Hi,
On gnomAD website there are both hg19 and hg38 vcf. hg38 vcfs are liftover from hg19. https://gnomad.broadinstitute.org/downloads
I was analyzing some data using both hg19 and hg38 gnomAD vcf and I found strange stuff. For instance SNP rs11354897
: https://gnomad.broadinstitute.org/variant/7-72209527-CA-C is missing ing hg38 vcf
In hg19 :
bcftools view -H https://storage.googleapis.com/gnomad-public/release/2.1.1/vcf/genomes/gnomad.genomes.r2.1.1.sites.vcf.bgz 7:72209527
results in :
7 72209527 rs11354897 CA C 4.31187e+06 PASS AC=6487;AN=31348;AF=0.206935 ...

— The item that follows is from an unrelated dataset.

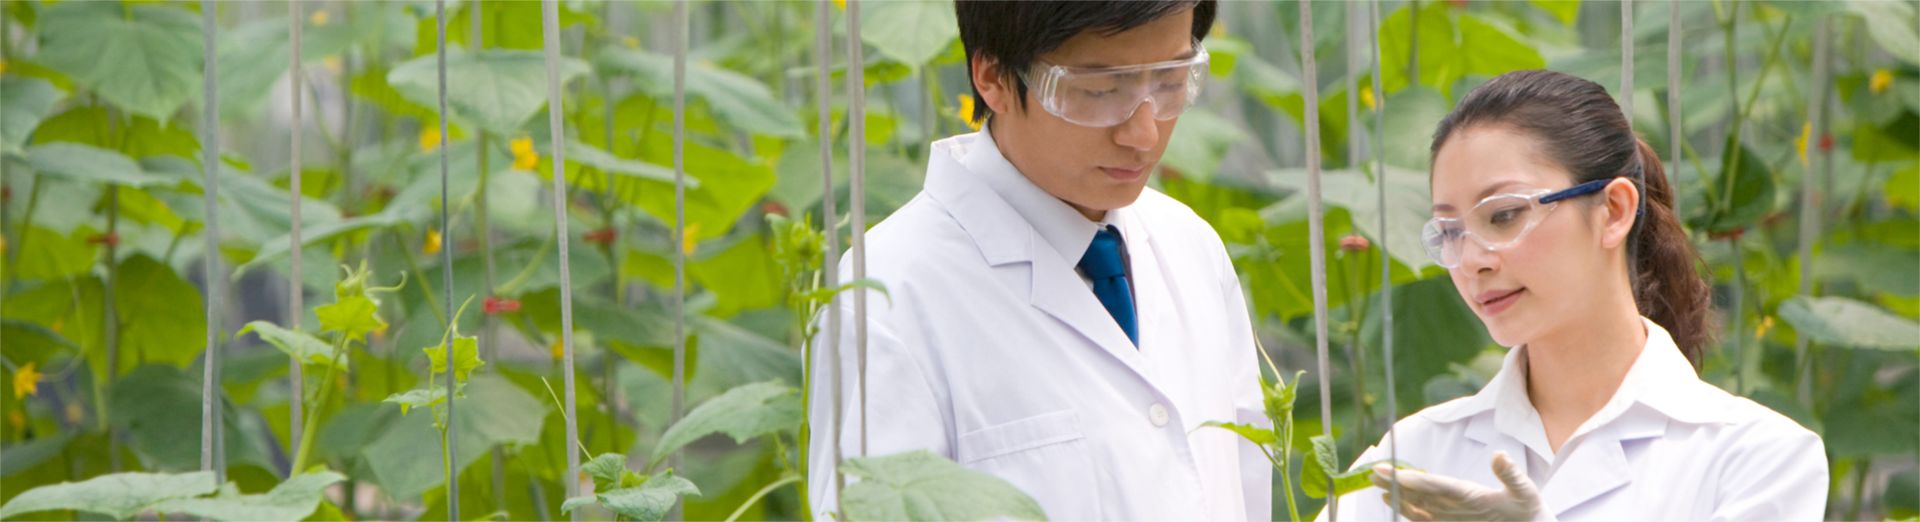 Növényeket kutató tudósok
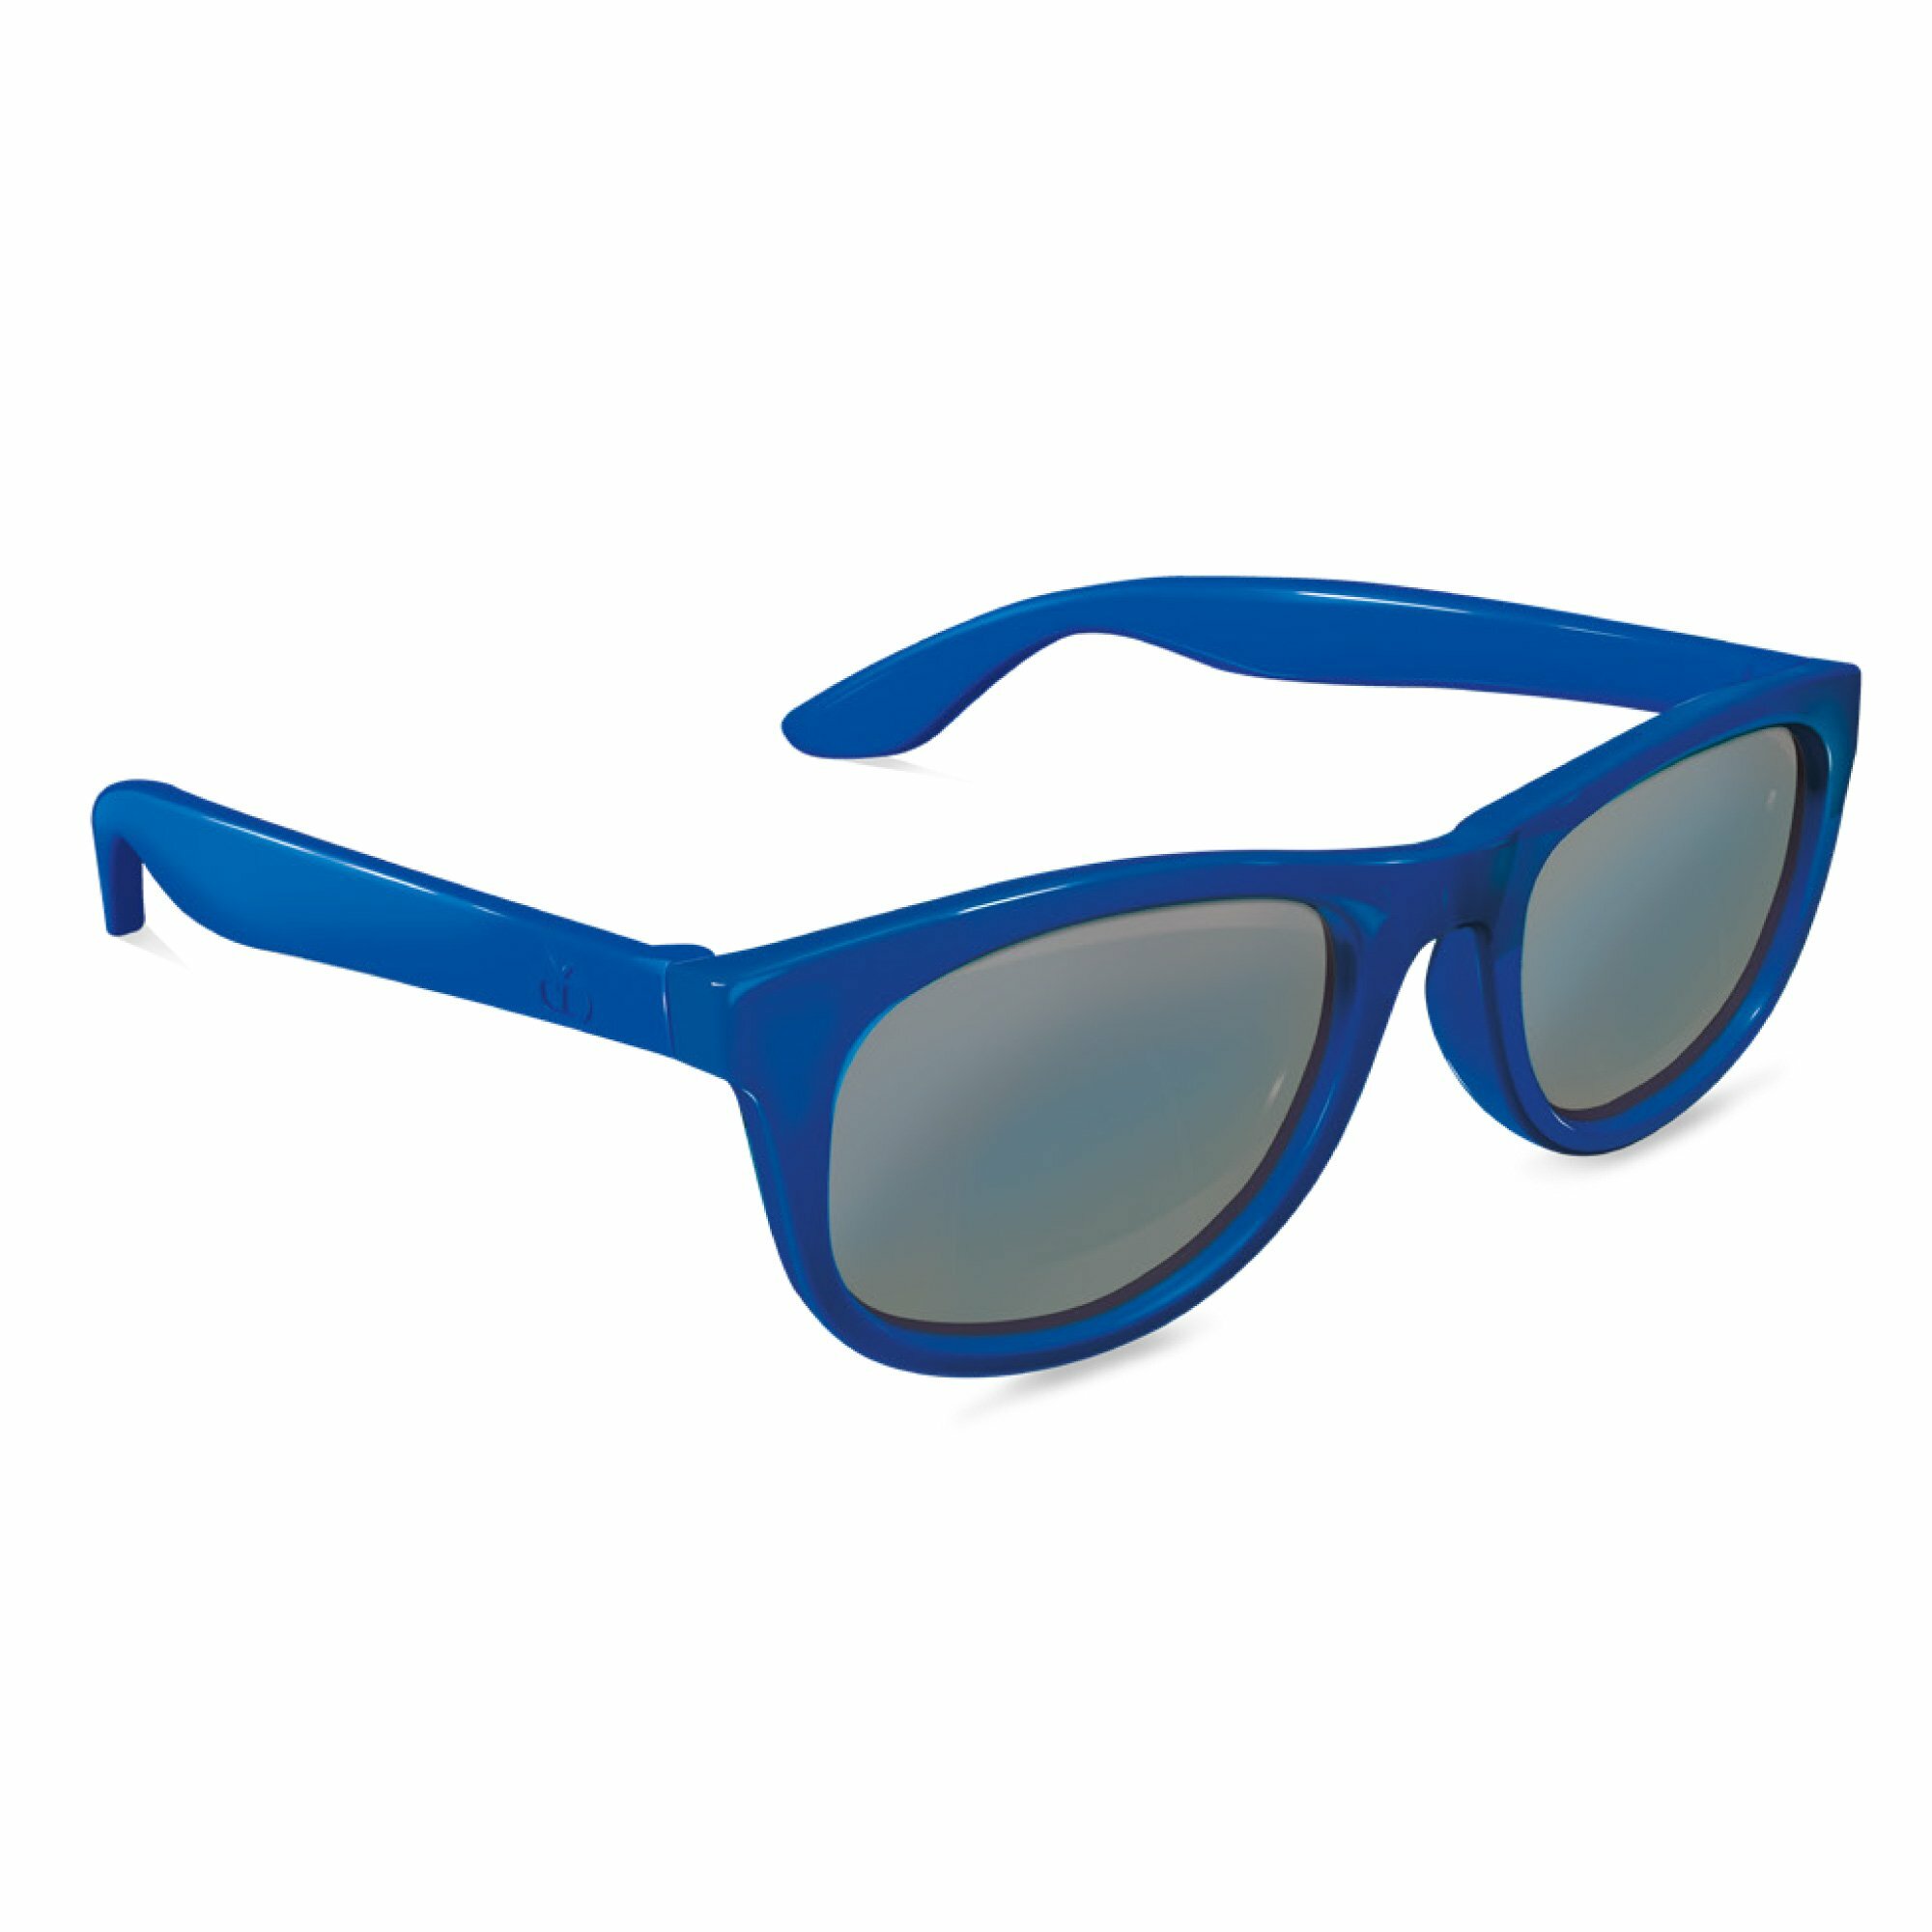 Visiomed France Miami Kids, slnečné okuliare pre deti od 4 do 6 rokov, modré

So perfect, the SNP is there.
Now in hg38 :
Looking at ensembl website for rs11354897
, position on hg38 is 7:72744552
http://www.ensembl.org/Homo_sapiens/Variation/Explore?db=core;r=7:72744052-72745052;v=rs11354897;vdb=variation;vf=416257549
bcftools view -H https://storage.googleapis.com/gnomad-public/release/2.1.1/liftover_grch38/vcf/genomes/gnomad.genomes.r2.1.1.sites.7.liftover_grch38.vcf.bgz chr7:72744550-7274455
gives me no results.
Any explanation for this ?
Should I report it to gnomAD team ?
--
EDIT 13/09/2019 :
Checking other SNPs in gnomAD I found one other example :
in hg19 : chr17-41961451-T-C https://gnomad.broadinstitute.org/variant/17-41961451-T-C
The reported SNP is in dbSNP : https://www.ncbi.nlm.nih.gov/snp/rs231518 and has a hg38 position : chr17:43884083
Looking in official gnomad hg38 VCF : no results !
Looking in ENSEMBL gnomad hg38 vcf ( from here : ftp://ftp.ensembl.org/pub/data_files/homo_sapiens/GRCh38/variation_genotype/gnomad/r2.1/genomes/ )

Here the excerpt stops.